* [Given information]:
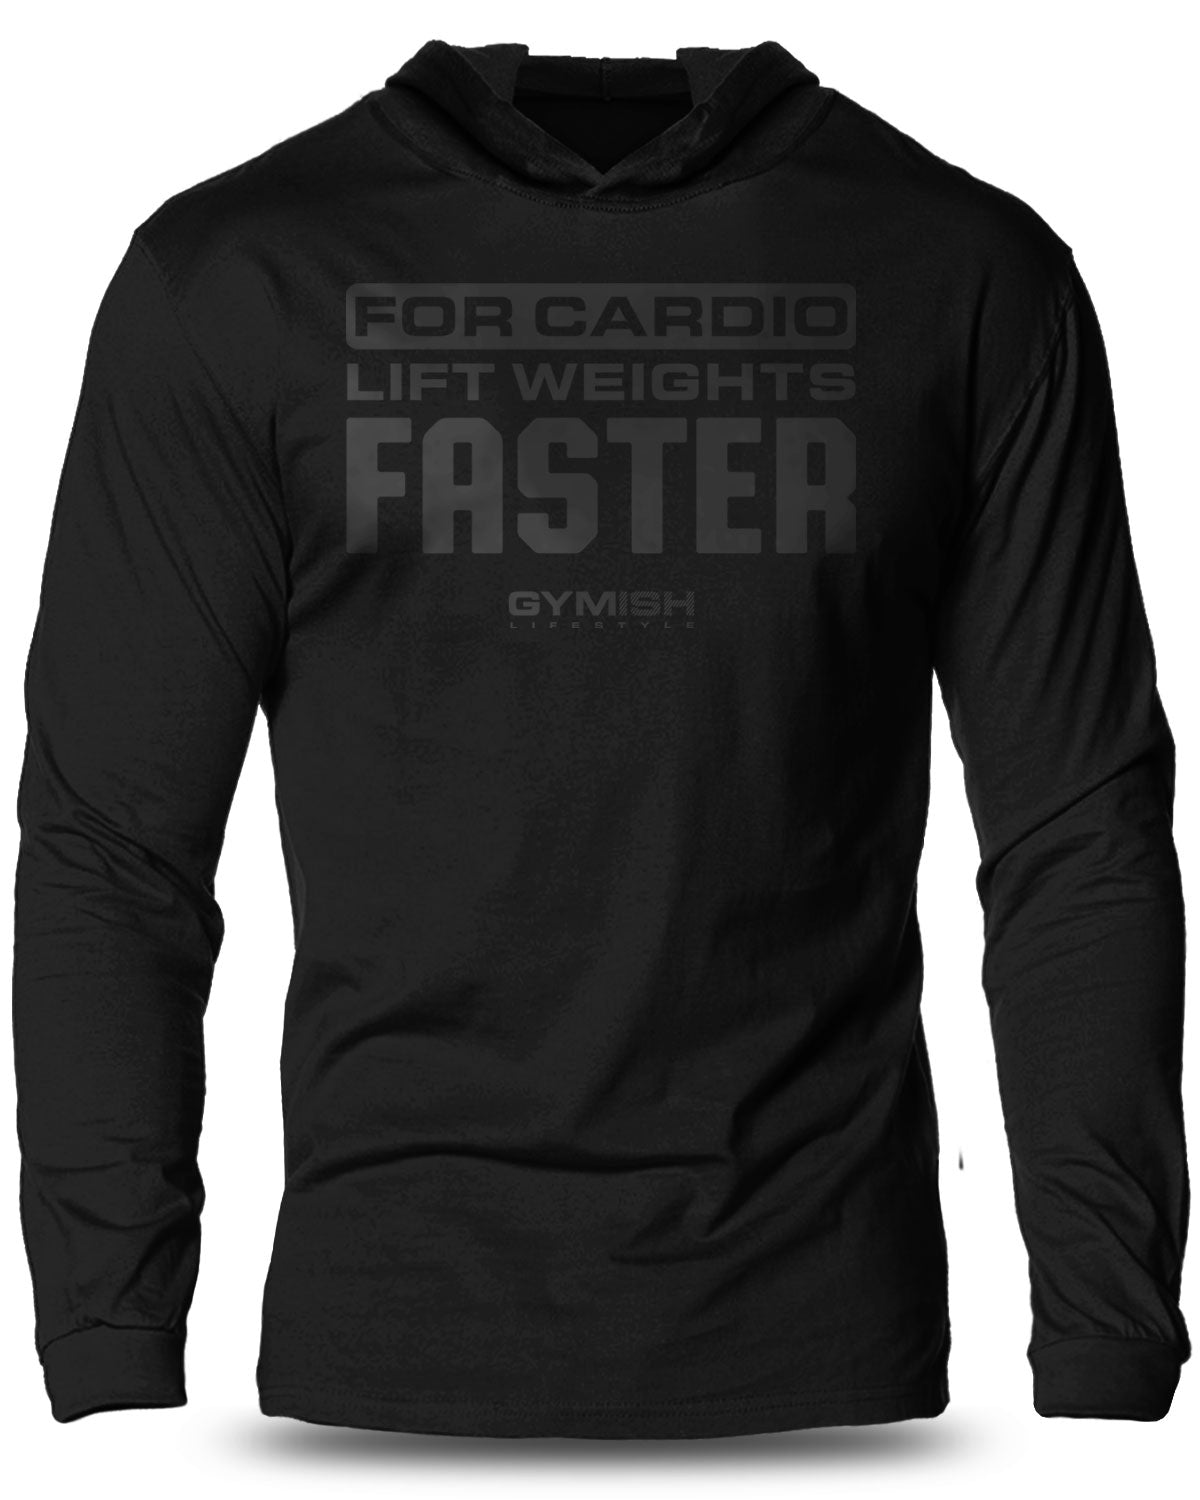 093- FOR CARDIO LIFT WEIGHTS FASTER Lightweight Long Sleeve Hooded T-shirt for Men
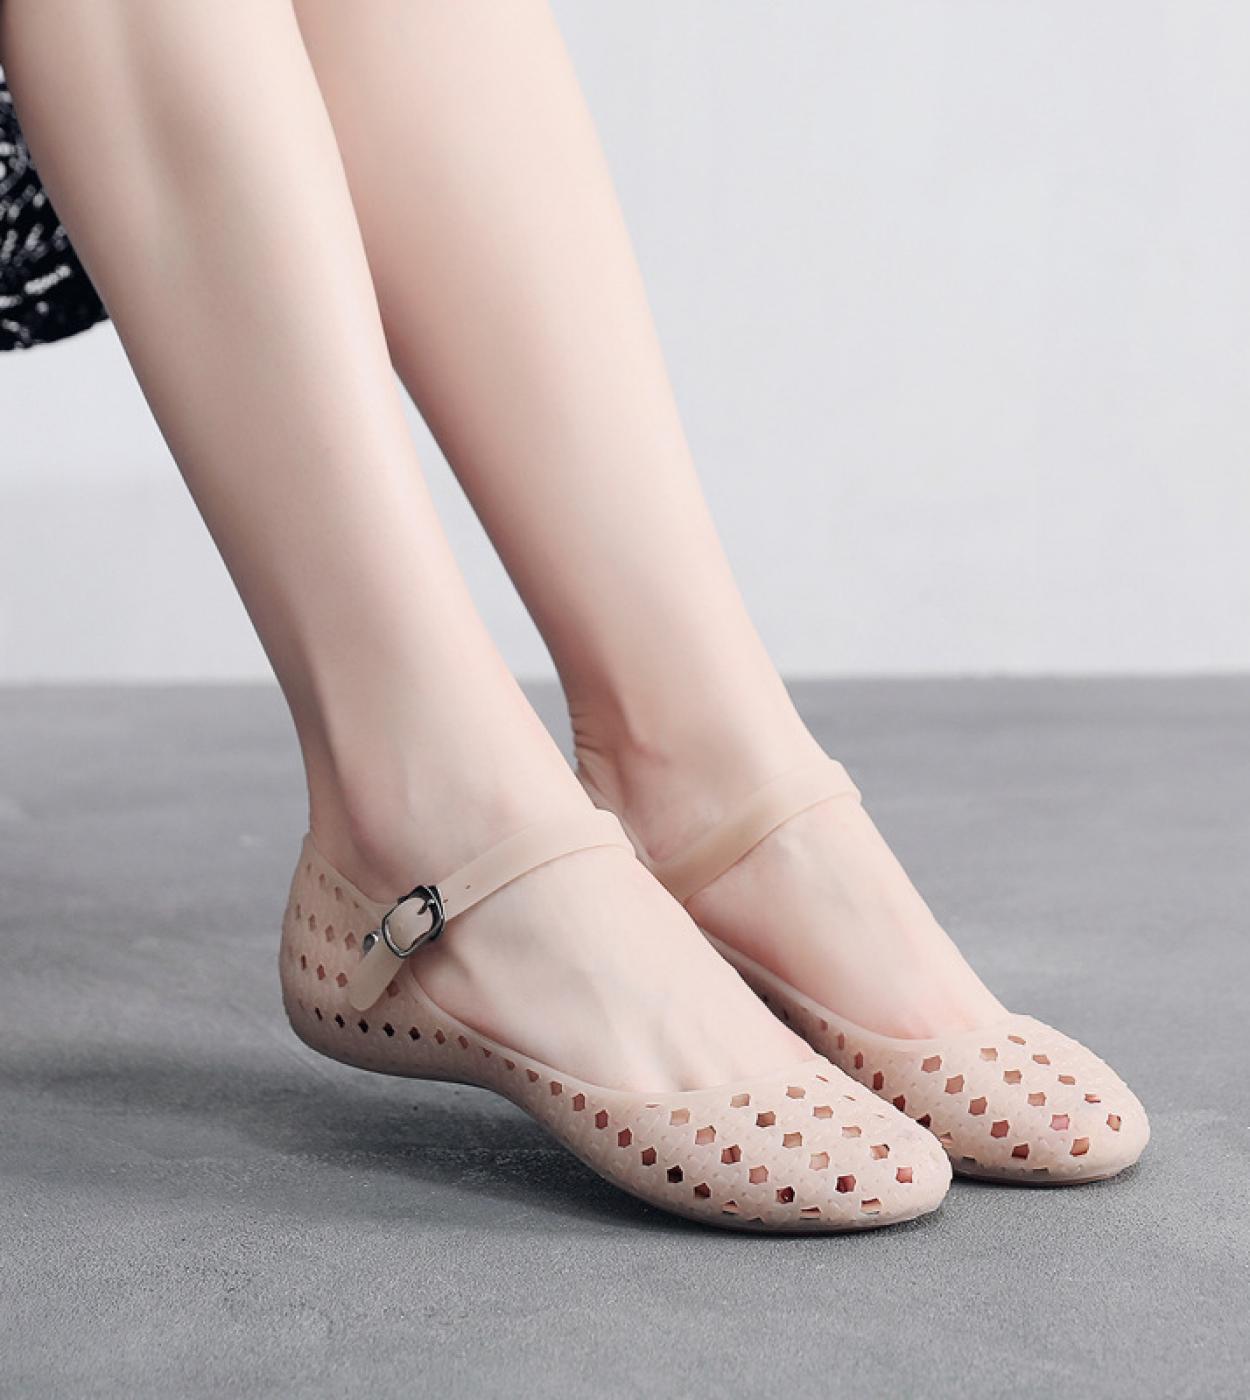 Flower Jelly Sandals Women  Flat Sandals Sweet Jelly Shoes  Summer Style Fashion  
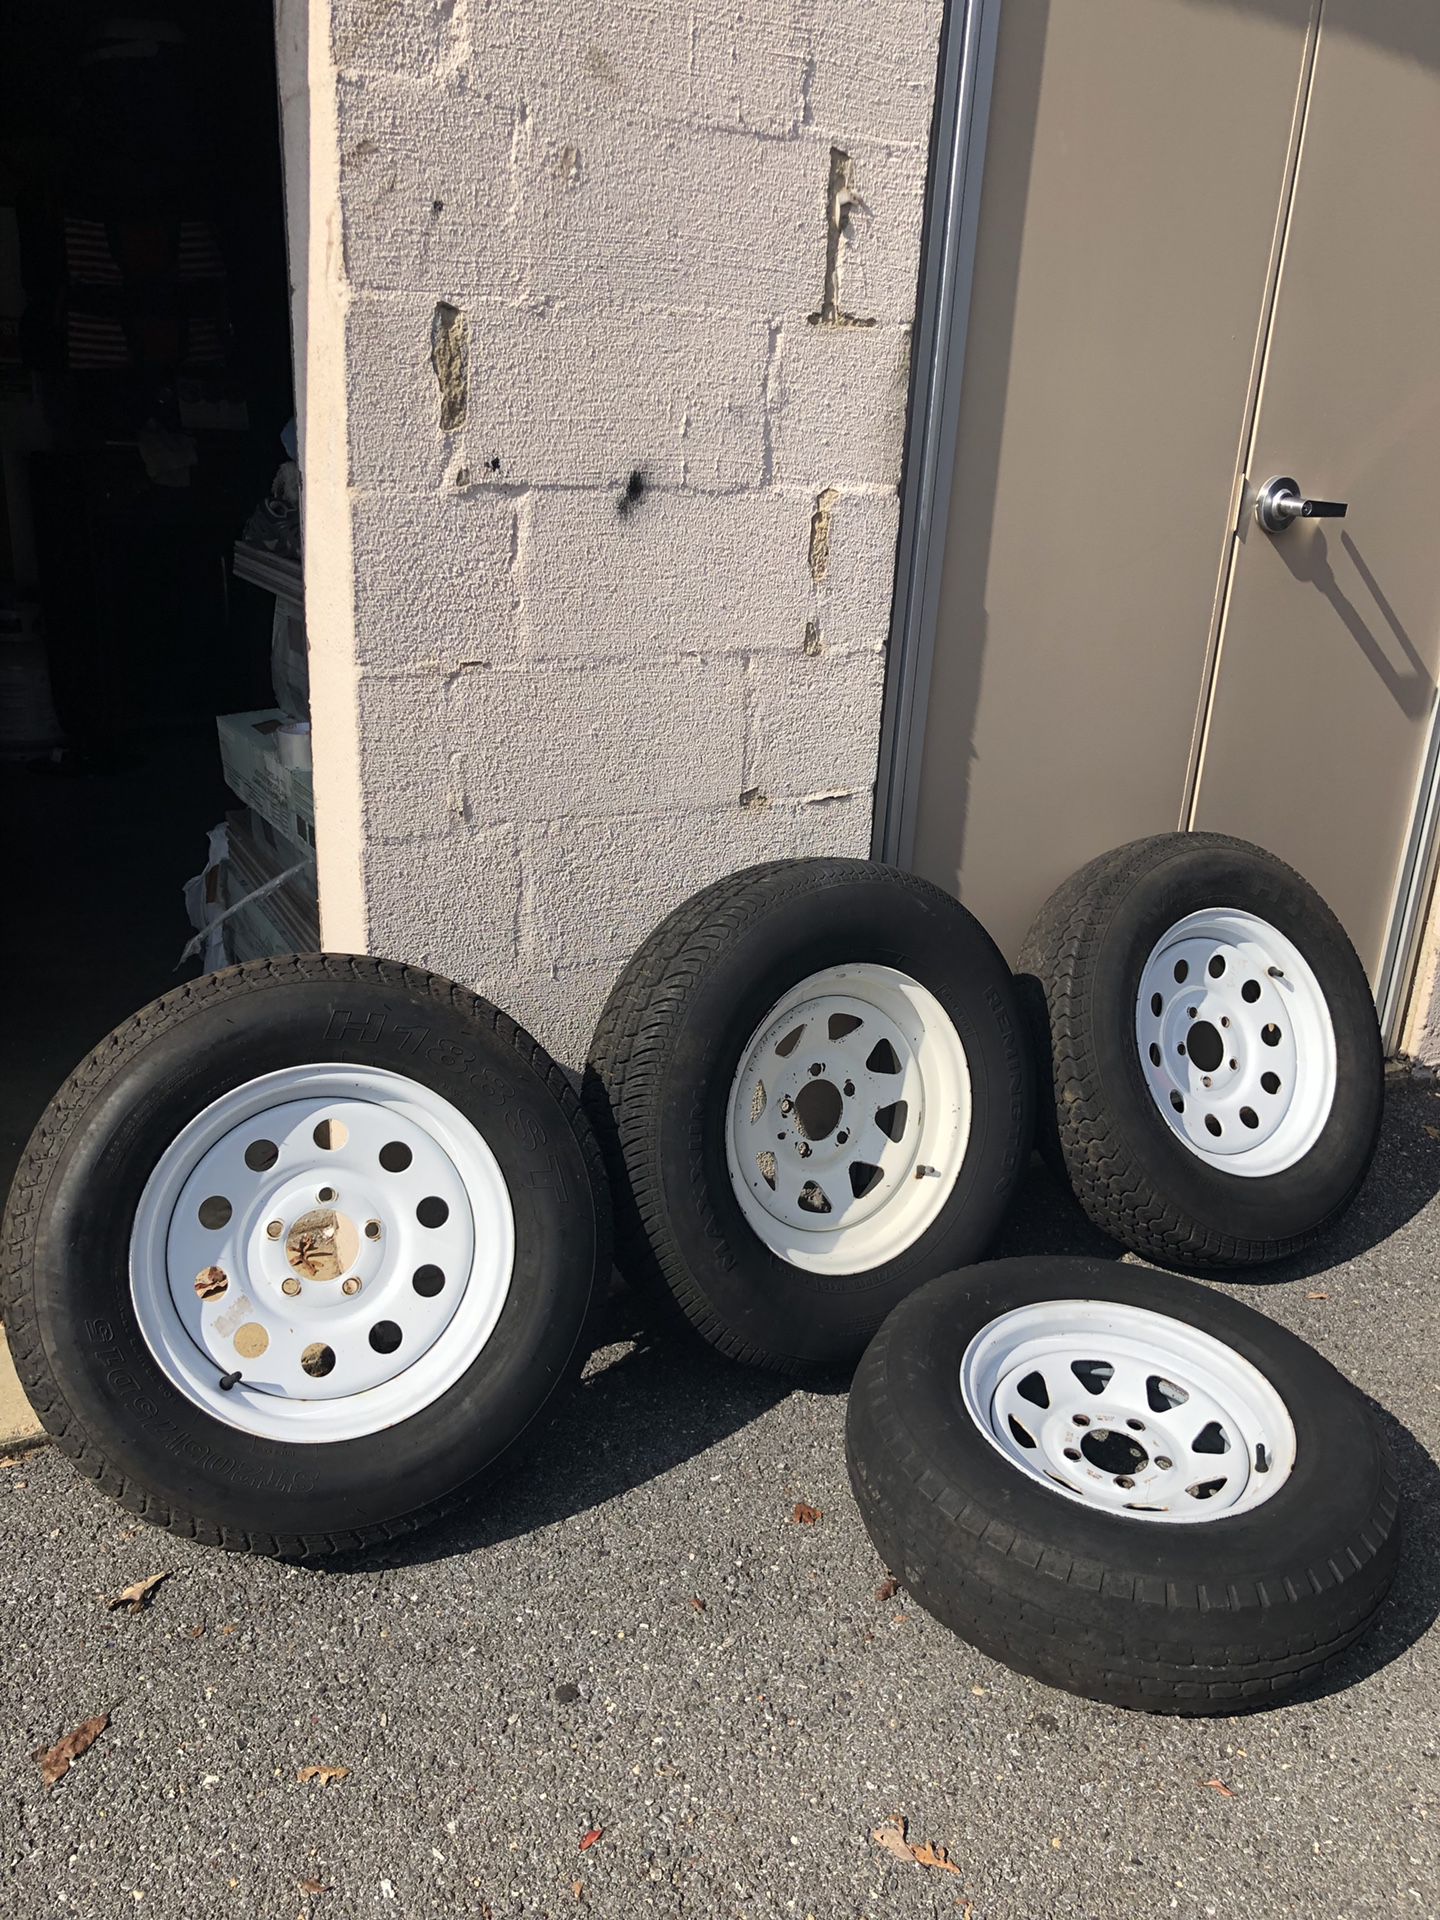 Tires for trailer good condition have 3 tire and rings #15 and 1 #14 price for ring end tires #14 is $90

* [Aim of the task]:
Without copying any picture, write out all of the material exactly as it reads.

* [Exercise result]:
 093- FOR CARDIO LIFT WEIGHTS FASTER Lightweight Long Sleeve Hooded T-shirt for Men
 Flower Jelly Sandals Women  Flat Sandals Sweet Jelly Shoes  Summer Style Fashion  
 Tires for trailer good condition have 3 tire and rings #15 and 1 #14 price for ring end tires #14 is $90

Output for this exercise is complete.